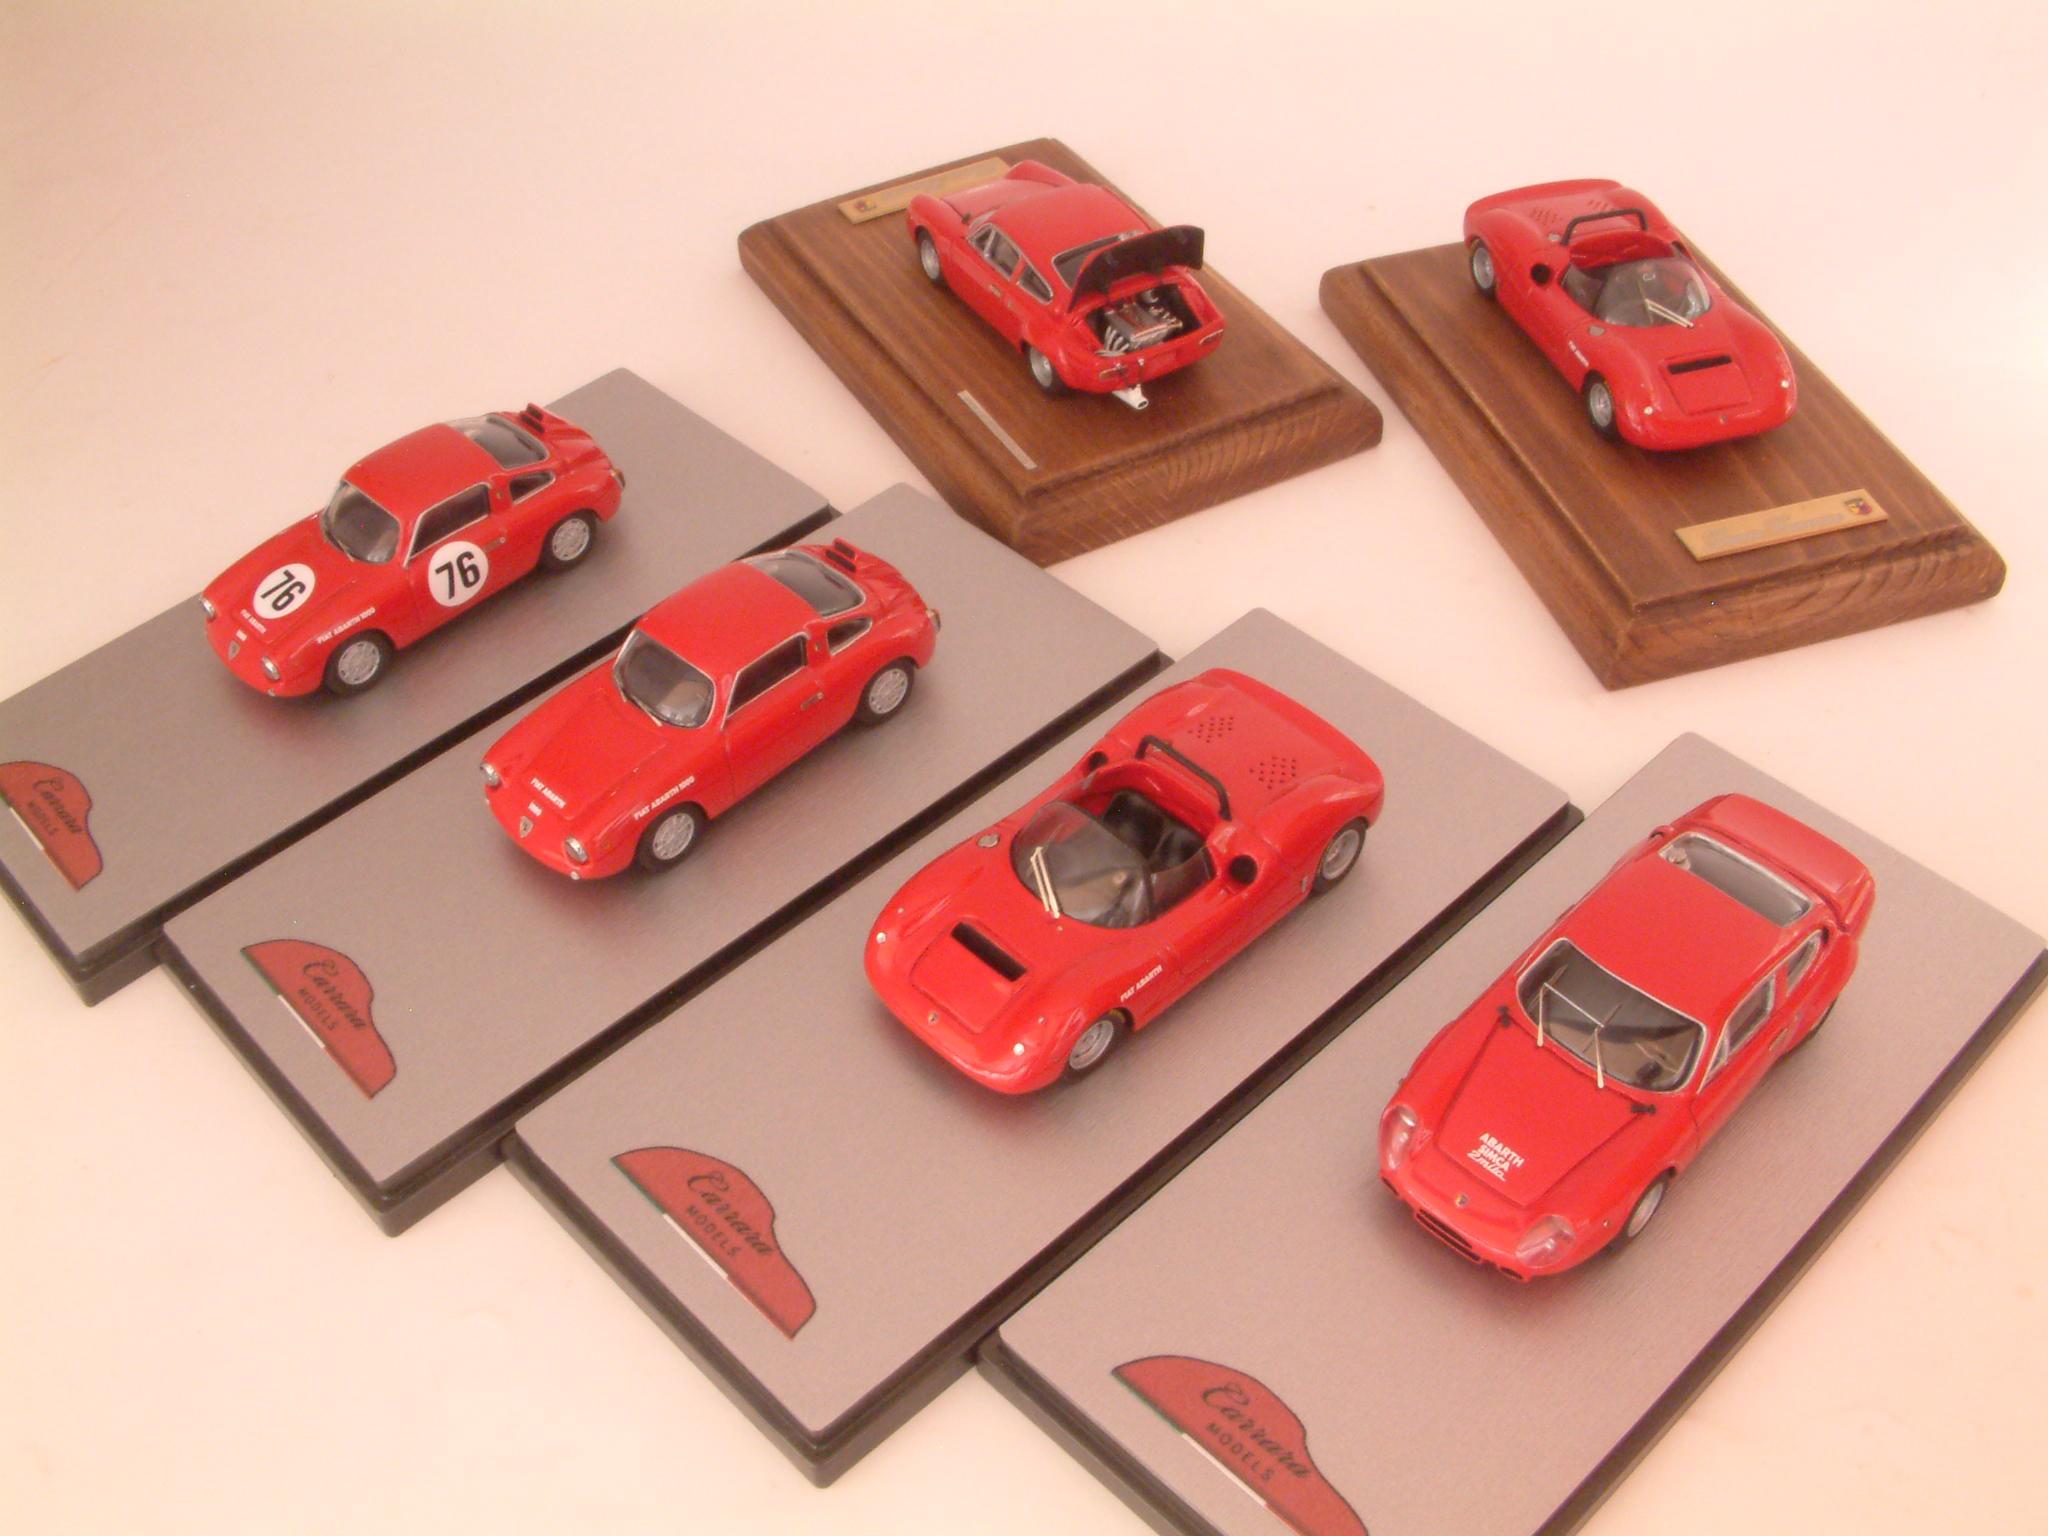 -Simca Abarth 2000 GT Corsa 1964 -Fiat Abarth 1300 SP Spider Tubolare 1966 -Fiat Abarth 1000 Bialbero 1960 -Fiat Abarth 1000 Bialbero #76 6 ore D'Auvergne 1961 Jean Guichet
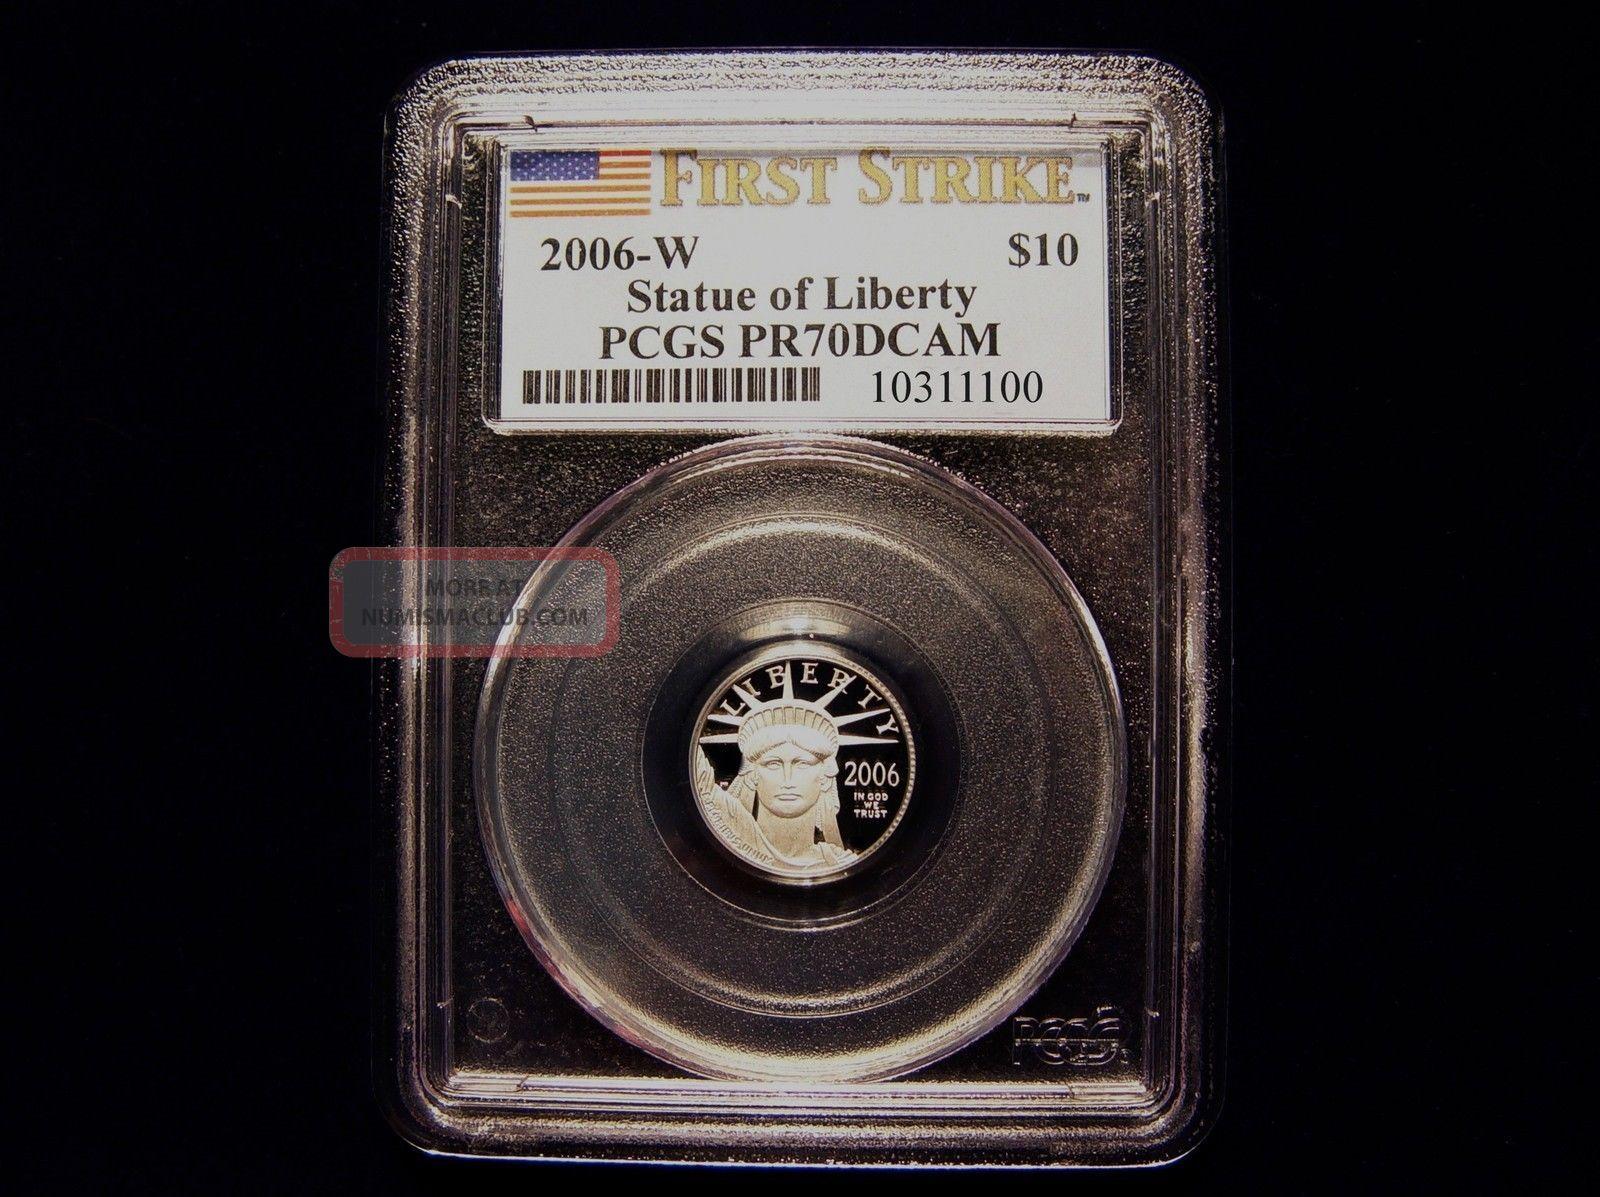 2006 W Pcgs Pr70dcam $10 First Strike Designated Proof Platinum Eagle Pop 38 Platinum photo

--

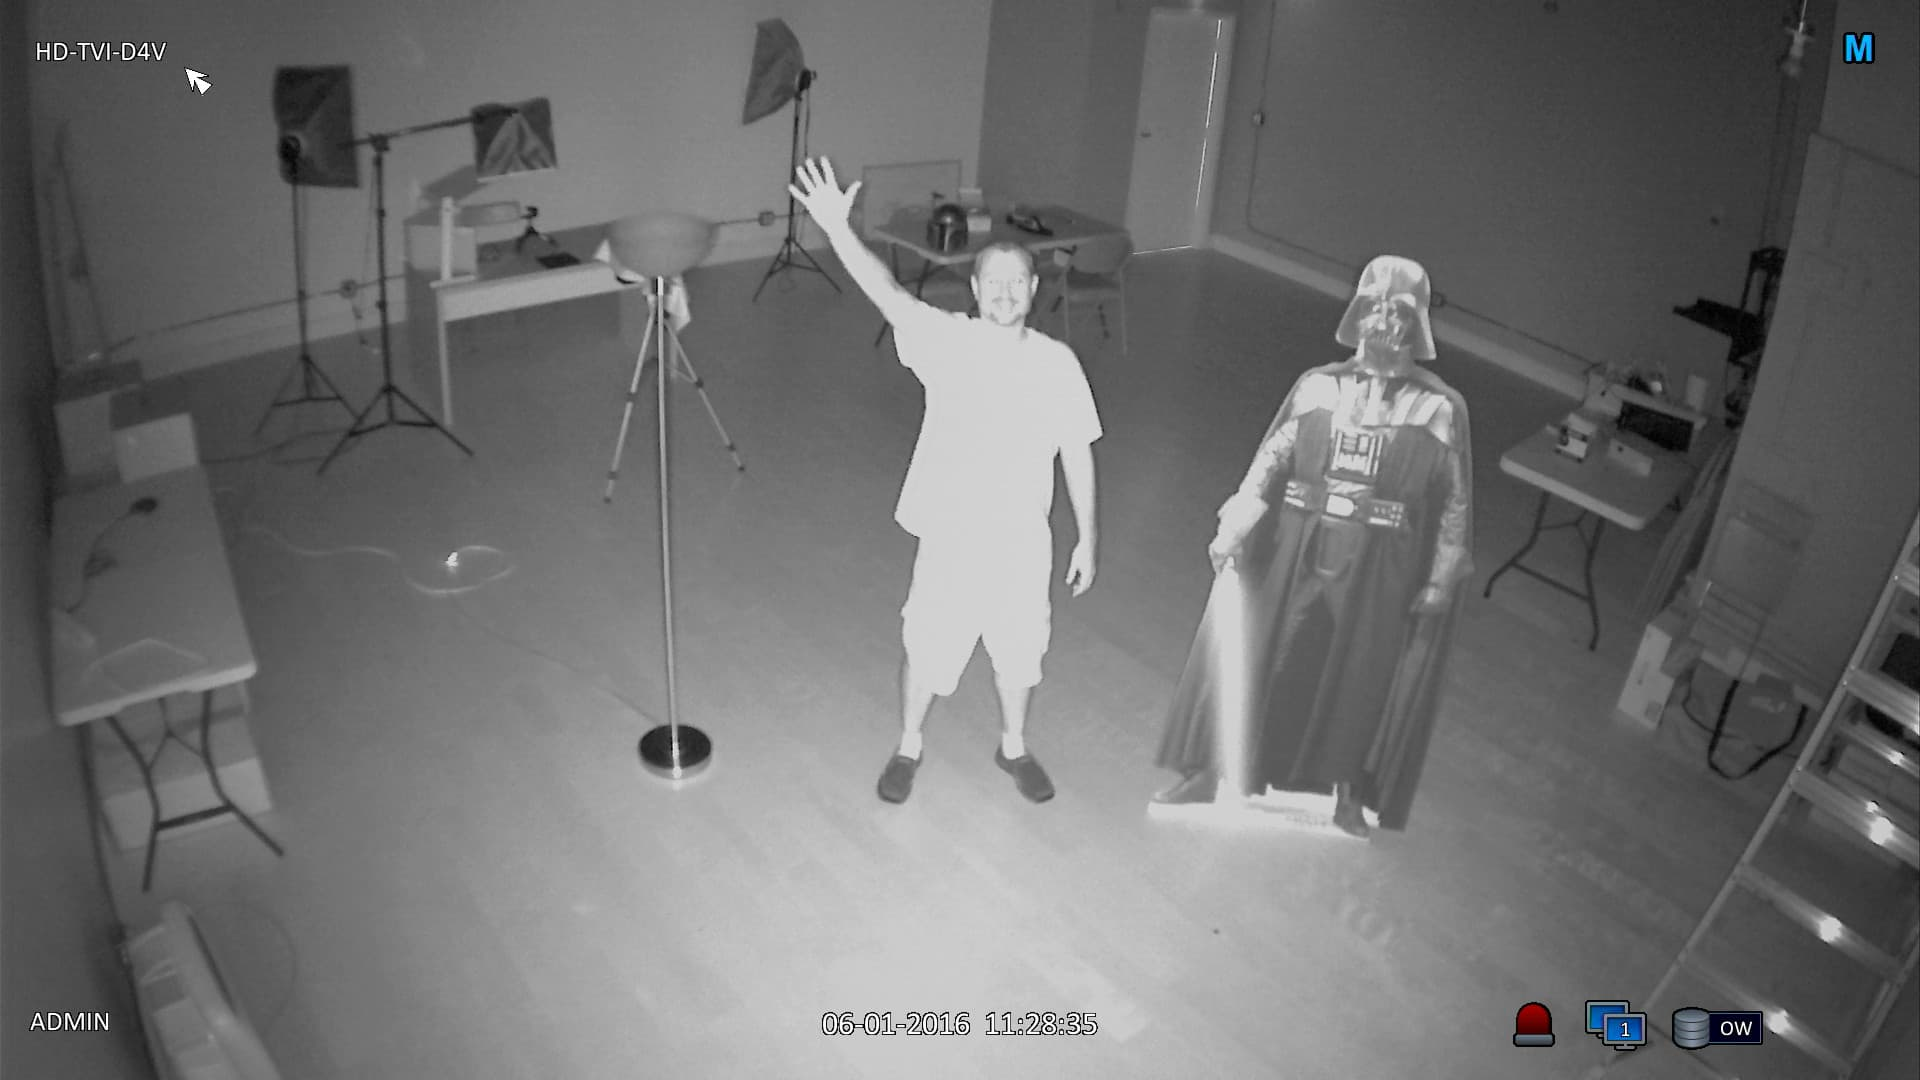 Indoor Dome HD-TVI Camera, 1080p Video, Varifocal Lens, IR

==

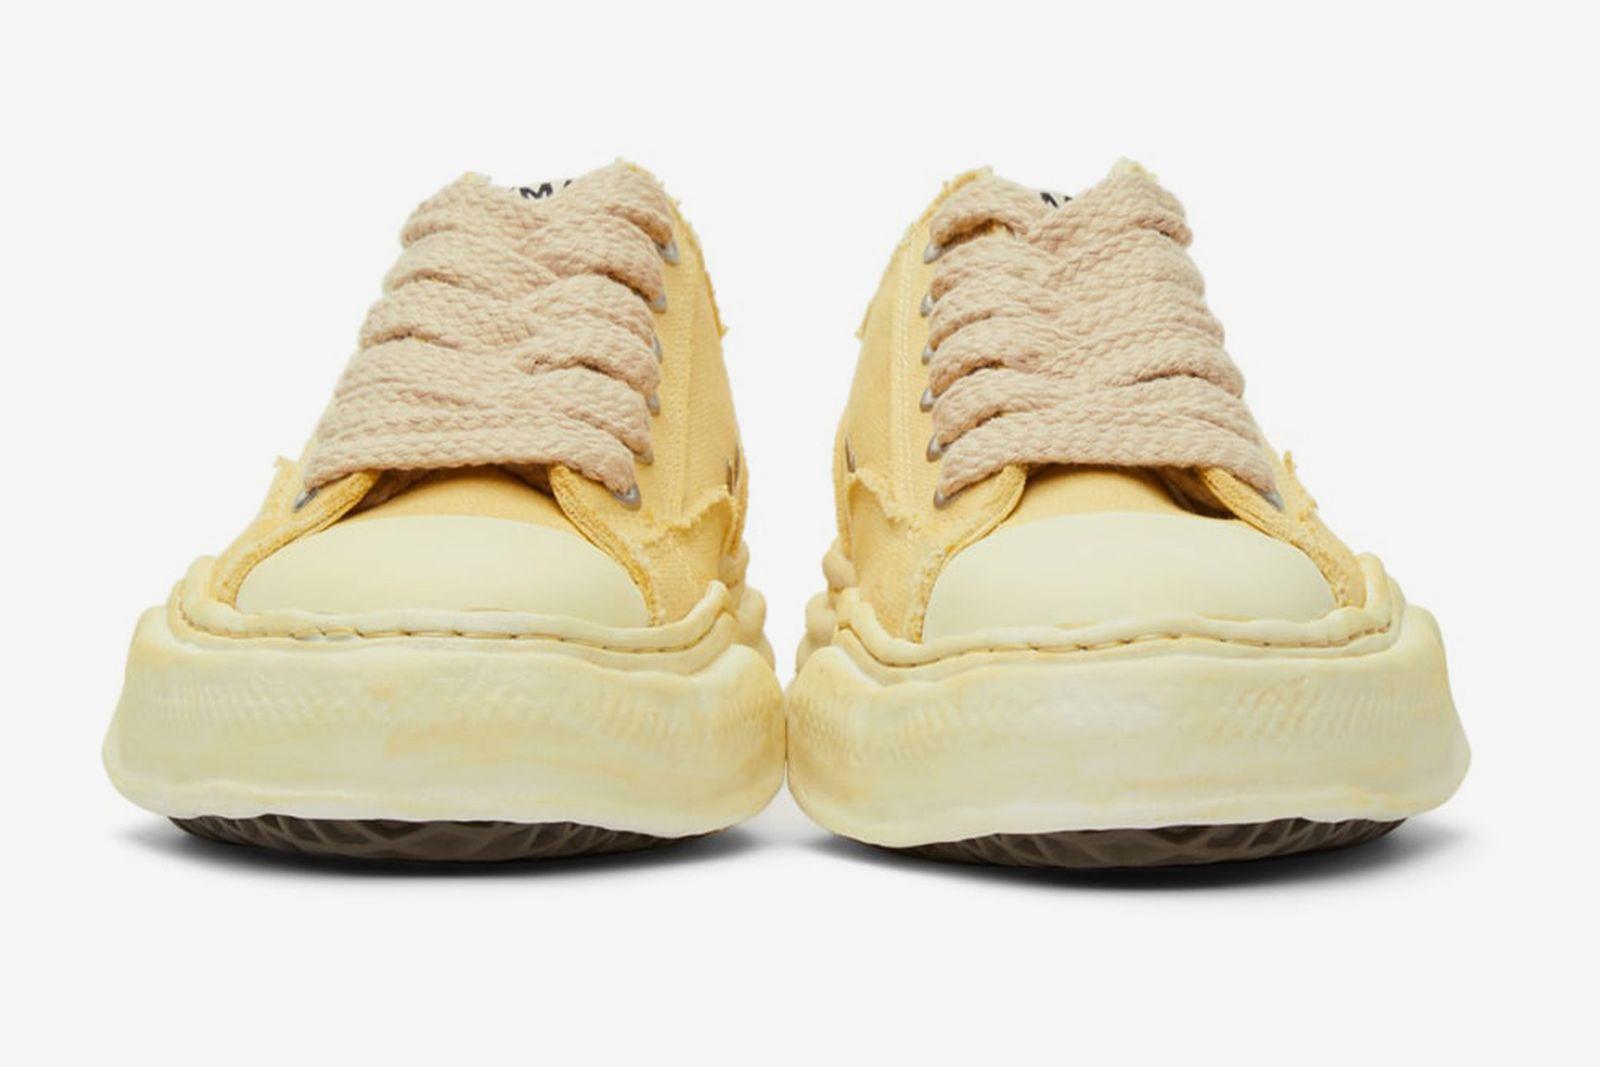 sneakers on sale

Task item - Exact copy, pictures excluded: from the line with "-Simca Abarth 2000" up to and including the line with "2006 W Pcgs" in the data above.

Output of the exercise -
 -Simca Abarth 2000 GT Corsa 1964 -Fiat Abarth 1300 SP Spider Tubolare 1966 -Fiat Abarth 1000 Bialbero 1960 -Fiat Abarth 1000 Bialbero #76 6 ore D'Auvergne 1961 Jean Guichet
 2006 W Pcgs Pr70dcam $10 First Strike Designated Proof Platinum Eagle Pop 38 Platinum photo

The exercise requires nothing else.